2. Variables File:- Terraform variables lets us customize aspects of Terraform modules without altering the module’s own source code. This allows us to share modules across different Terraform configurations, reusing same data at multiple places.

When you declare variables in the root terraform module of your configuration, you can set their values using CLI options and environment variables. When you declare them in child modules, the calling module should pass values in the module block.

 variable "AWS_REGION" { 
 default = "us-east-1" 
 } 
 data "aws_vpc" "GetVPC" { 
 filter { name = "tag:Name" values = ["CustomVPC"] } 
 } 
 data "aws_internet_gateway" "GetIGW" { 
 filter { name = "tag:Name" values = ["IGW"] } 
 }

3. Versions File:- Its always a best practice to maintain a version file where you specific version based on which your stack is testing and live on production.

 terraform { 
 required_version = ">= 0.12" 
 }

As a part of this code block we are going to create 2 subnets in 2 different availability zone as part of this region.

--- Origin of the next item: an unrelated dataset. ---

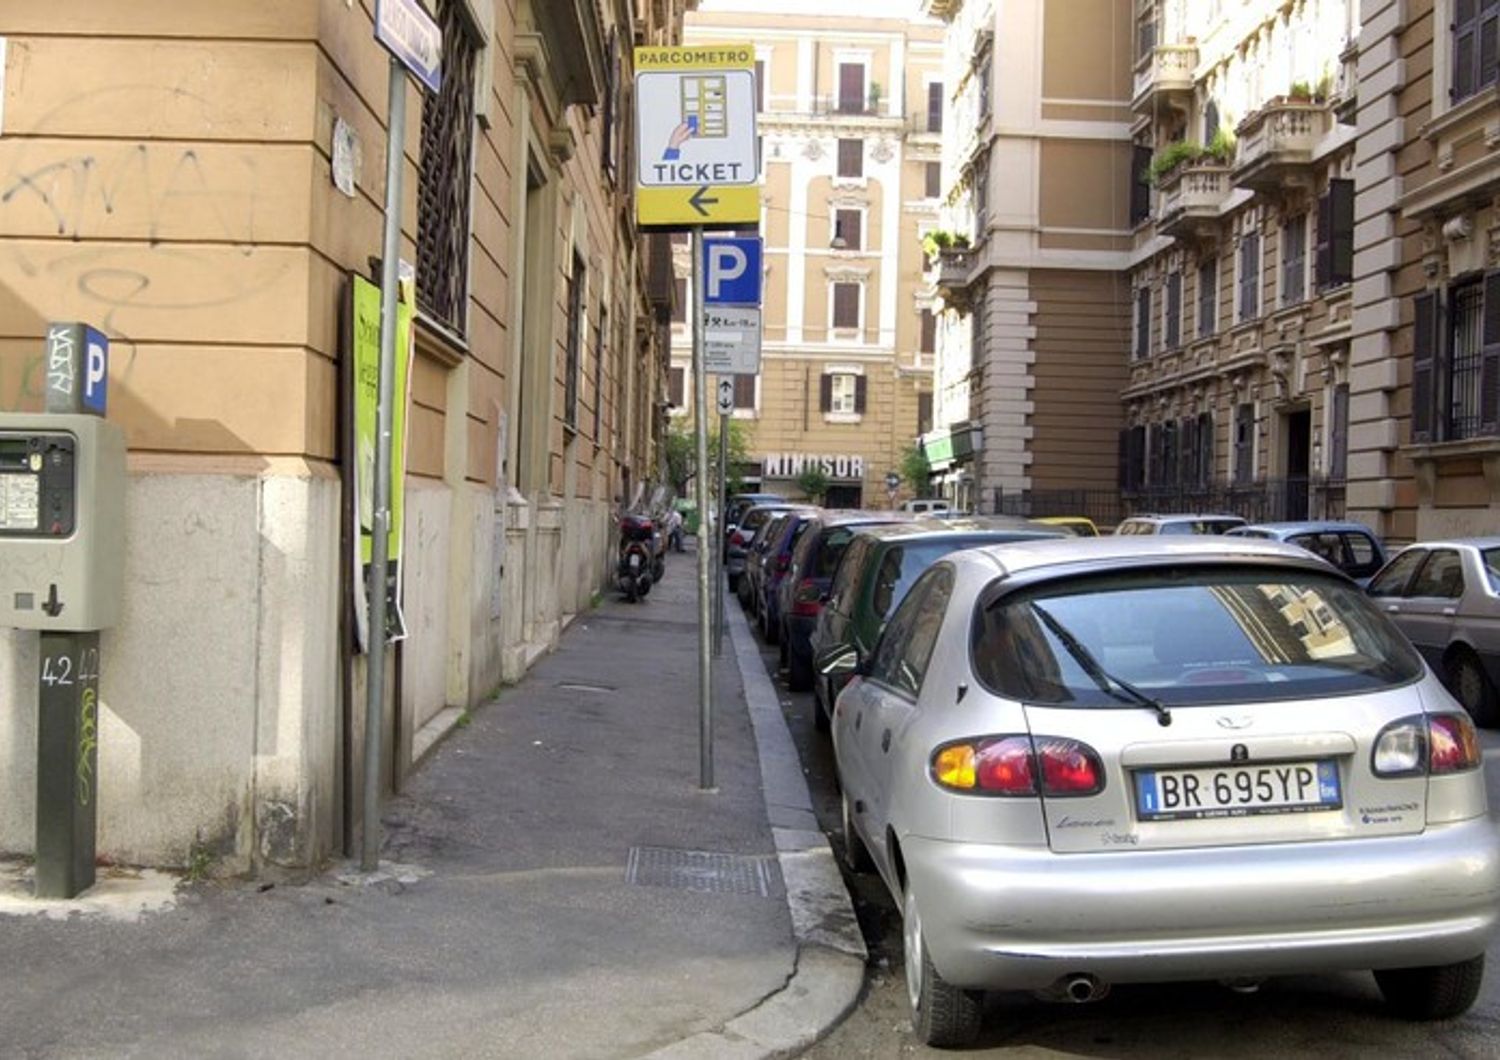 automobilisti italiani perdono 30 minuti giorno parcheggio

✦ aws_subnet:- This resource is used to launch a subnet associated with a vpc and tied up with availability zone. This subnet is nothing but segregation of the IP address range of your VPC.

✦ vpc_id:- Refers to id of a VPC to which it would be associate to utilize its cidr IP range.
✦ cidr_block– This IPv4 CIDR block for the VPC is an optional argument. CIDR can be explicitly set or it can be derived from IPAM using ipv4_netmask_length.
✦ availability_zone – This is an optional argument to mention AZ for the subnet for a specific region under which it is launched.
✦ map_public_ip_on_launch – This is an optional argument that indicates that instances launched into the subnet should be assigned a public IP address.
✦ tags:- One of the most important properties used in all resources. Always make sure to attach tags for all your resources.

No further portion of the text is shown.